Sentinel and Failover

You’ve secured your data with RDB and AOF. But what if the server itself dies? Your application will still experience downtime. To prevent this, we use Redis Sentinel.

1. What is Sentinel?

Redis Sentinel is a distributed system that monitors your Redis instances and performs the following tasks:

  • Monitoring: Periodically checks if your Master and Replica instances are working as expected.
  • Notification: Alerts your application or system administrator when something goes wrong.
  • Automatic Failover: If the Master dies, Sentinel promotes a Replica to be the new Master.
  • Configuration Provider: Acts as a source of truth for clients to find the current Master’s IP address.

2. The Quorum

Sentinel is a distributed system itself. To avoid “Split Brain” scenarios (where two nodes think they are the Master), Sentinels use a Quorum.

  • If you have 3 Sentinels and a Quorum of 2, at least 2 Sentinels must agree that the Master is down before a failover is triggered.
  • Once agreed, the Sentinels elect a Leader among themselves to carry out the failover.

3. The Failover Process

  1. Detection: Master stops responding to PINGs.
  2. S_DOWN: A single Sentinel marks the master as Subjectively Down.
  3. O_DOWN: Quorum is reached; the master is Objectively Down.
  4. Election: Sentinels pick the best Replica (based on priority and replication offset).
  5. Promotion: The picked Replica is promoted to Master. All other Replicas are told to follow the new Master.

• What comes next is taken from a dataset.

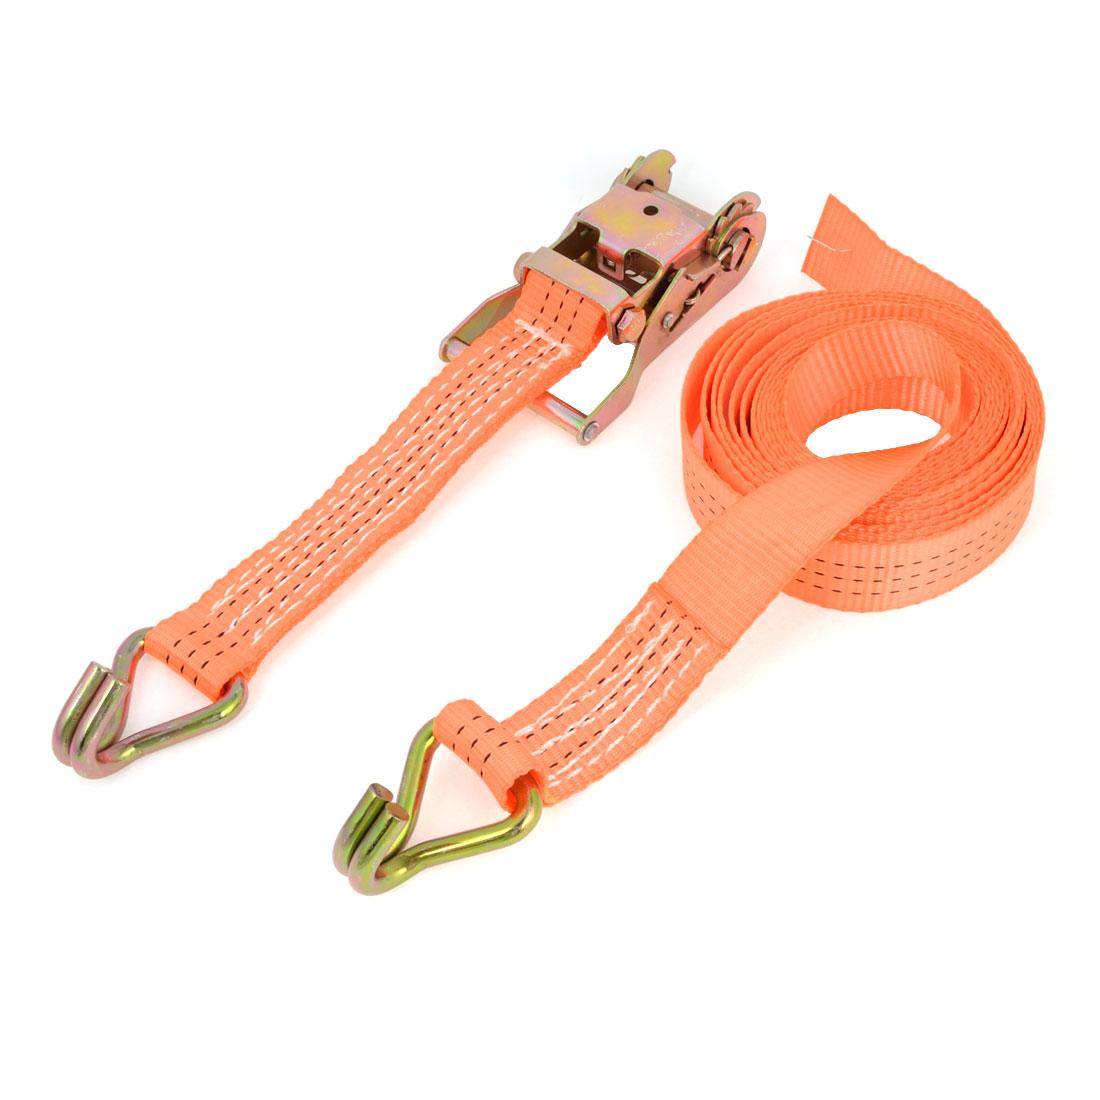 Truck Dual Metal Hook Polyester Luggage Rope Cord 5M Long Orange

4. Interactive: Sentinel Failover

Kill the Master and watch Sentinel promote a Replica.

MASTER
⬅️
👁️
Sentinel
➡️
REPLICA
Ready
Status: Healthy

5. Summary

Sentinel is a key part of the Redis ecosystem for applications that cannot afford any downtime. It provides the automation needed to turn a manually managed database into a self-healing, high-availability system.